Secretaría de Inclusión Social, Familia y Derechos Humanos

1 Primera entrega

¿Qué sabemos sobre el virus? 

Un virus es una molécula que contiene material genético (ARN o ADN) y que puede replicarse. Esto significa que los virus no son organismos vivos y requieren de otras células para multiplicarse. Dependiendo de su material genético y de la manera como se replican, los virus se clasifican en diferentes categorías, perteneciendo los coronavirus a una de ellas.

Se llaman “coronavirus” porque su estructura cuenta con terminaciones similares a “patas” que forman una especie de corona alrededor del núcleo. Estas terminaciones se conocen como espículas y se componen de proteínas que permiten al virus adherirse a la célula receptora. La corona se complementa con una envoltura de material lipídico (grasa) que recubre el interior y le da una forma generalmente esférica. El material genético de los coronavirus es ARN y se encuentra en la parte interna del virus.

Partes que componen a los coronavirus.

Existen varios tipos de coronavirus identificados. Entre los más destacados de los últimos años se encuentran el SARS-CoV y el MERS-CoV, los cuales causaron epidemias en años anteriores y afectaron a un número importante de personas, quienes presentaron posteriormente enfermedades relacionadas con la Infección Respiratoria Aguda (IRA), la cual es potencialmente mortal. 

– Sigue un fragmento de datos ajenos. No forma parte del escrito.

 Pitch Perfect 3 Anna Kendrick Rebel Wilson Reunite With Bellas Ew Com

El nuevo coronavirus, detectado por primera vez en Wuhan (China) en diciembre de 2019, recibió primero el nombre de 2019-nCov y es ahora conocido como SARS-CoV-2, teniendo en cuenta las similitudes que presenta con el SARS-CoV que causó una epidemia en China entre 2002 y 2003. La sigla SARS corresponde al nombre en inglés para Síndrome Respiratorio Agudo Grave

Aún no es claro cómo se llegó a los primeros contagios en seres humanos. Sin embargo, el comportamiento de la epidemia ha demostrado que el virus puede transmitirse de una persona a otra, principalmente por vía de las gotículas que expulsa la persona infectada a través de la tos o los estornudos; también se ha detectado que el virus puede permanecer activo en superficies durante un periodo todavía no especificado.

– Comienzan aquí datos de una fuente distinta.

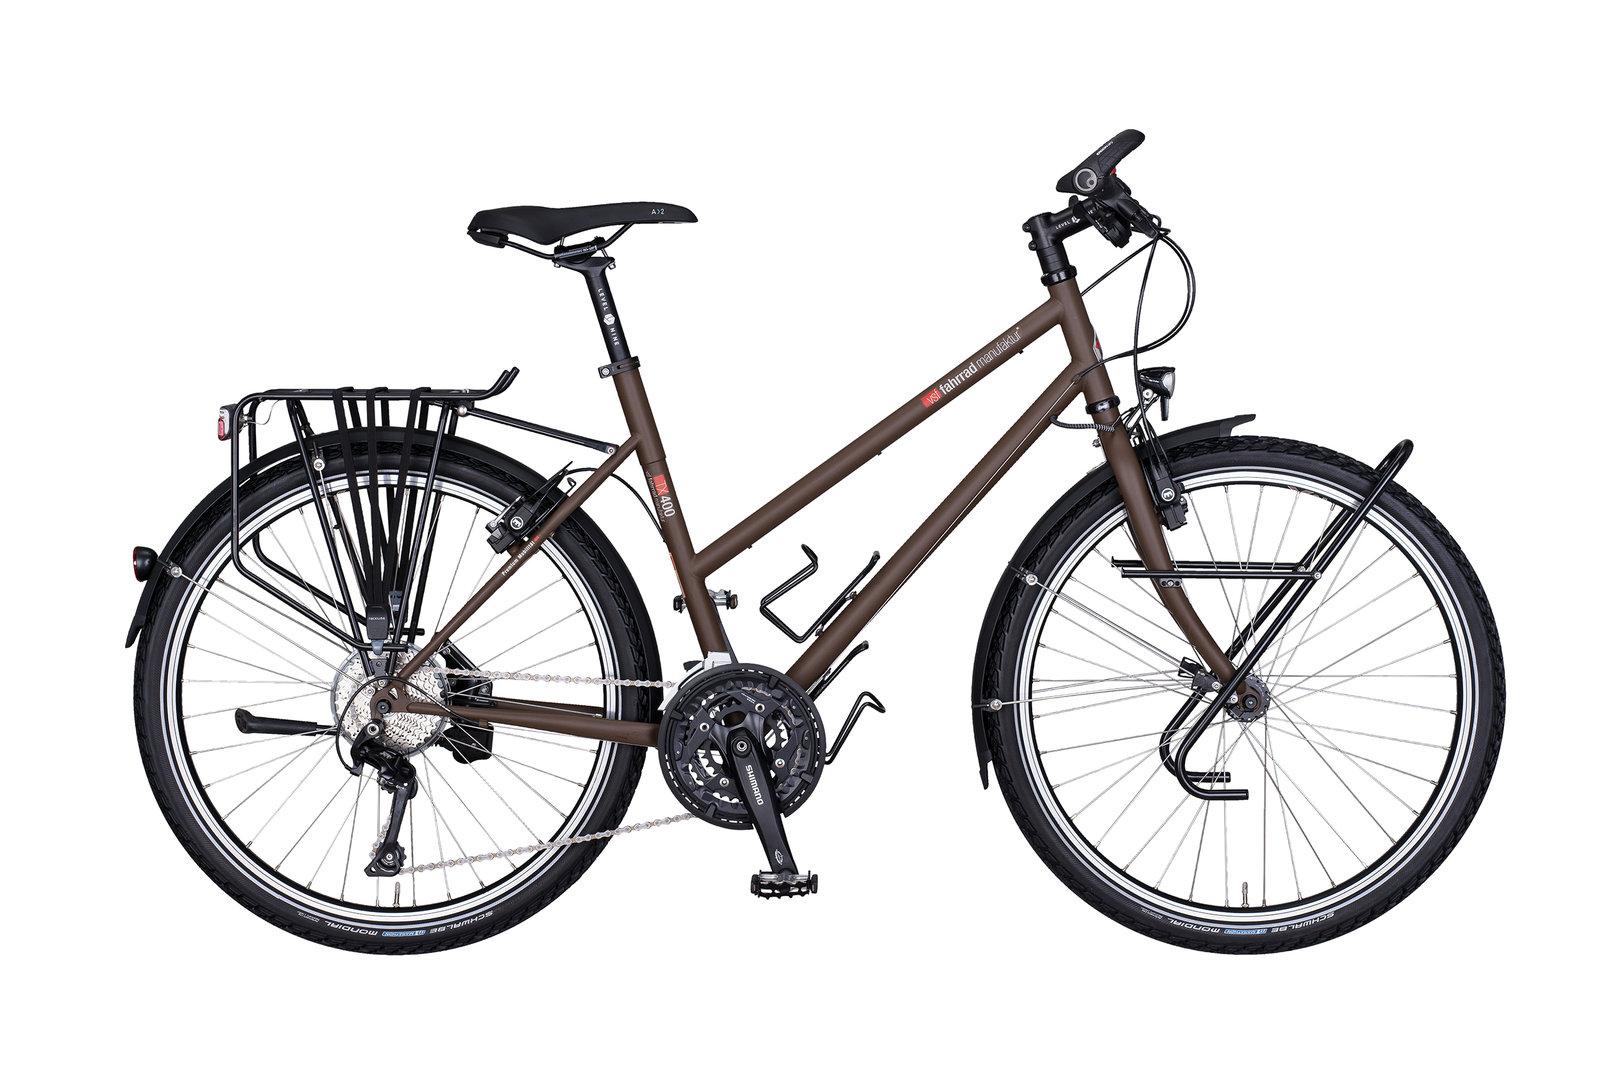 Vsf Fahrradmanufaktur Tx 400 Shimano Deore Xt Trekking Bike Neu

Teniendo en cuenta que la envoltura del coronavirus se compone de moléculas de grasa, una de las formas más efectivas para desactivarlo consiste en diluir dicha envoltura y dejar así al descubierto el material genético (ARN) alojado en su interior. Para lograrlo, las mejores herramientas son el jabón (cualquier tipo de jabón sirve para ello, pues sus moléculas atrapan la grasa y la disuelven) y las soluciones de alcohol con una concentración mayor al 70%. Esta es la razón por la cual el lavado de manos frecuente es la mejor arma que tenemos para evitar la propagación del coronavirus, así como la desinfección periódica de superficies con las cuales las personas tengan contacto frecuente, tales como pomos de puertas, bordes de ventanas, tubos de transporte público, entre otras.

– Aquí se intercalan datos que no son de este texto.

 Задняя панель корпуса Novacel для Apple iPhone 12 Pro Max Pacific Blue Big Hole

Cabe aclarar que el SARS-CoV-2 y la COVID-19 no son lo mismo. El SARS-CoV-2 es el coronavirus propiamente dicho, es decir, es la causa de la infección; la COVID-19, por su parte, es la enfermedad que se desarrolla a partir de la replicación del virus en el cuerpo humano, en especial en el aparato respiratorio. Actualmente no hay un tratamiento identificado que sea efectivo contra el SARS-CoV-2; por su parte, los pacientes con COVID-19 confirmada reciben tratamiento sintomático, lo que significa que se busca minimizar los daños ocasionados por las dificultades respiratorias asociadas a la enfermedad.


Fuentes: Organización Mundial de la Salud, Ministerio de Salud, Comité Internacional para la Taxonomía de los Virus, MedLinePlus.